— Да я не знаю даже, каким поездом вы едете, — успокоил Степан.
— Я и сам точно не знаю.
На углу Большой Житомирской они остановились.
— Прощайте, дружище, — молвил поэт. — Я говорю «прощайте», ибо мы можем, уже и не увидеться. Не забывайте, что исчезнуть на этом свете так же легко, как и появиться.
Он пошёл, а Степан почувствовал, что остаётся один, среди улицы, среди сурового безжалостного города, среди безграничного утреннего света, который ясно блестел над ним перед заходом месяца.
Потянулись однообразные дни, печальные, как чётки чернеца. Скука не оставляла его. В новом помещении молодой человек устроился скоро. За неделю оно приобрело тот вид и затейливость, о которой он когда-то мечтал, когда мечтать было ещё интересно. У окна в углу он поставил американское бюро из тёмного дерева, против дверей у стены — зеркальный шкаф для одежды, против окон — диван, обитый тёмно-красной тканью, рядом со столом — небольшой остеклённый шкаф для книг. Кроме того купил ковёр на пол и полдюжины стульев на деньги, оставшиеся от гонорара за киносценарий.

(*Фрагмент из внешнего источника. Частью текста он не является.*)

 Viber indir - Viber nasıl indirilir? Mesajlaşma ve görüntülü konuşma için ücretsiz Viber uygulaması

Но чем больше Степан украшал свою комнату, тем более чуждой она становилась ему. Каждая новая вещь наполняла его непонятным беспокойством. Он ставил её на место и смотрел на неё с удивлением, как на что-то чужое, нагло ворвавшееся в его жизнь. Потом за несколько дней привыкал к её присутствию, пользовался ею, когда нужно было, но чувство странности и враждебности всё ещё таилось в глубине души, всплывая внезапно, когда вечером, приходя домой, он зажигал свет. Так, словно без него они жили своей особой жизнью, может, разговаривали даже, шептались о нём, подслушав его мысли, и внезапно утихали, когда он растворял двери. С порога в прямоугольном блестящем зеркале он видел всю свою фигуру и это ему было неприятно, словно он неожиданно встретился со своим двойником.

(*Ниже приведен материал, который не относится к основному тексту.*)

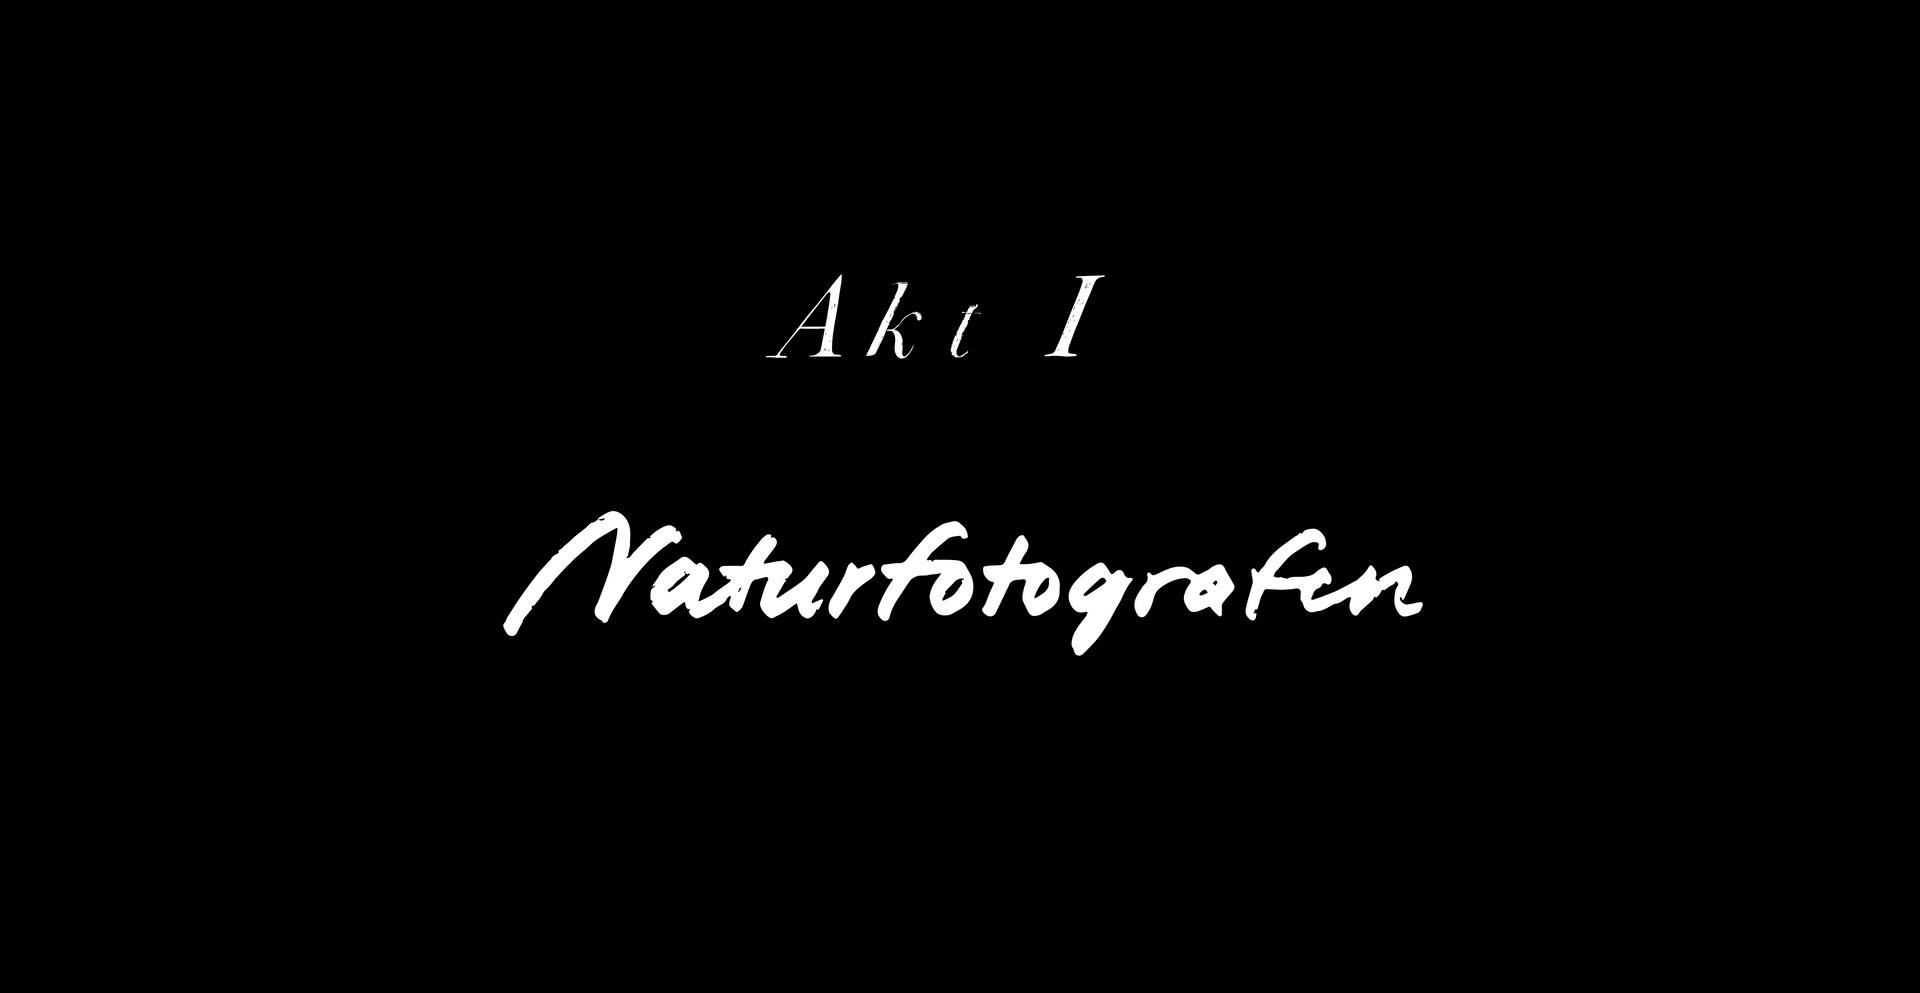 Akt 1 - Naturfotografen.png

Но наибольше боялся стола. Там в верхнем ящике справа хранилась начатая повесть. Он никогда не выдвигал его, но чувствовал, что рукопись там притаилась, как нечистое сомненье. Писать он не мог. Та пустота, которую он почувствовал, когда отошёл тогда от Зосиных дверей, незаметно разрушала его душу, и в этом опустошении исчезало прошлое, таяло, растворялось. Исчезало почти без следа под отравляющим действием скуки.
В восемь он просыпался, пил кофе, шёл на службу.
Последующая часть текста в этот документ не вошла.